START Supplied information

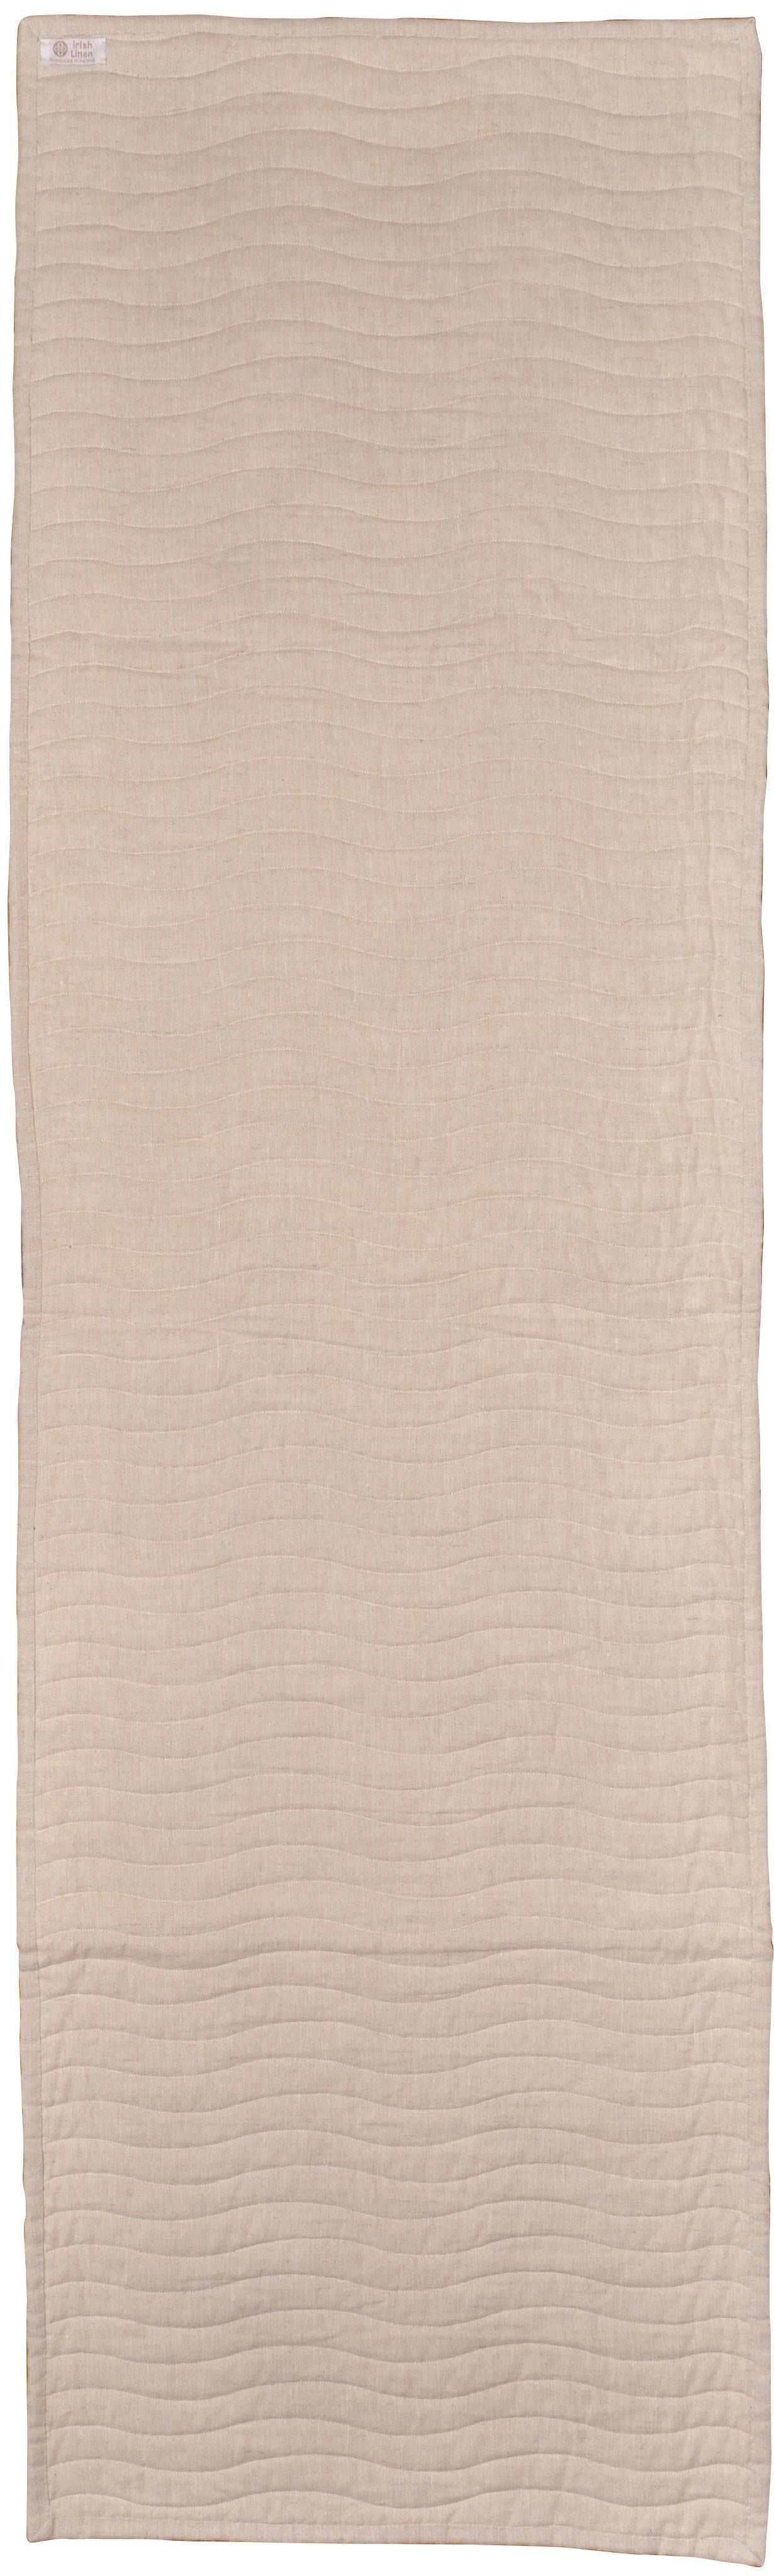 Northern Irish  Bed Runner Quilt Blanket Vintage Irish Linen Patchwork Handmade  For Sale
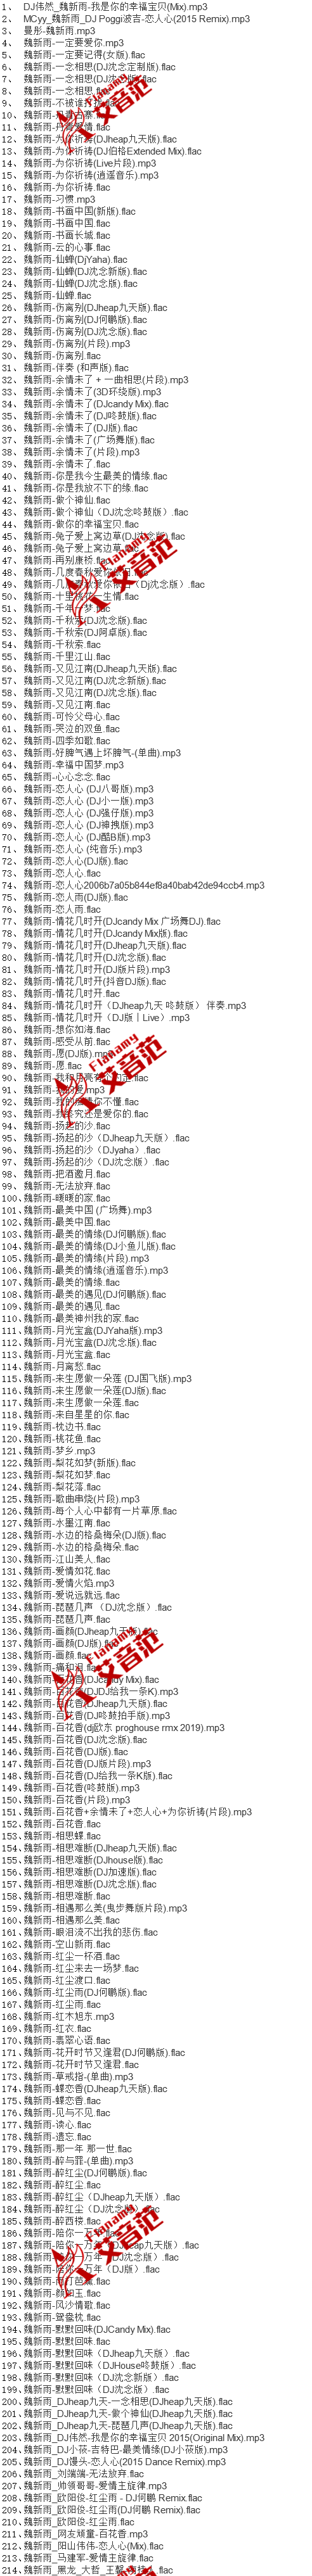 [百度云][2013-2021年][214首合集]《魏新雨》歌曲网盘下载-艾音范
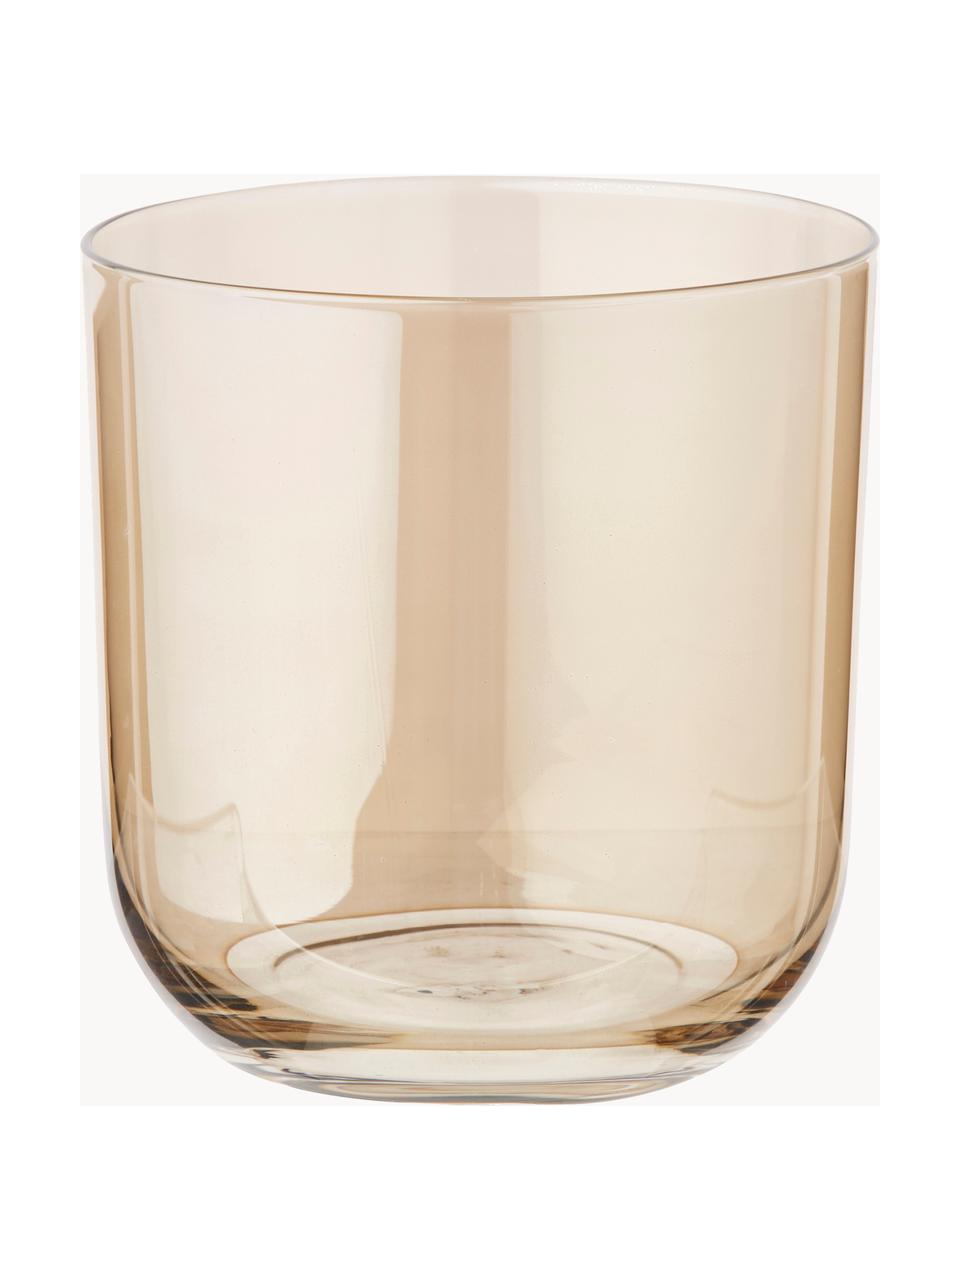 Handbeschilderde waterglazen Polka, 4-delig, Glas, Beigetinten, transparant, Ø 9 x H 9 cm, 250 ml

END Supplied information

# Work instruction
Reproduce all the data as it stands. The pictures are not part of the copy.

# Response area
 Northern Irish  Bed Runner Quilt Blanket Vintage Irish Linen Patchwork Handmade  For Sale
 [百度云][2013-2021年][214首合集]《魏新雨》歌曲网盘下载-艾音范
 Handbeschilderde waterglazen Polka, 4-delig, Glas, Beigetinten, transparant, Ø 9 x H 9 cm, 250 ml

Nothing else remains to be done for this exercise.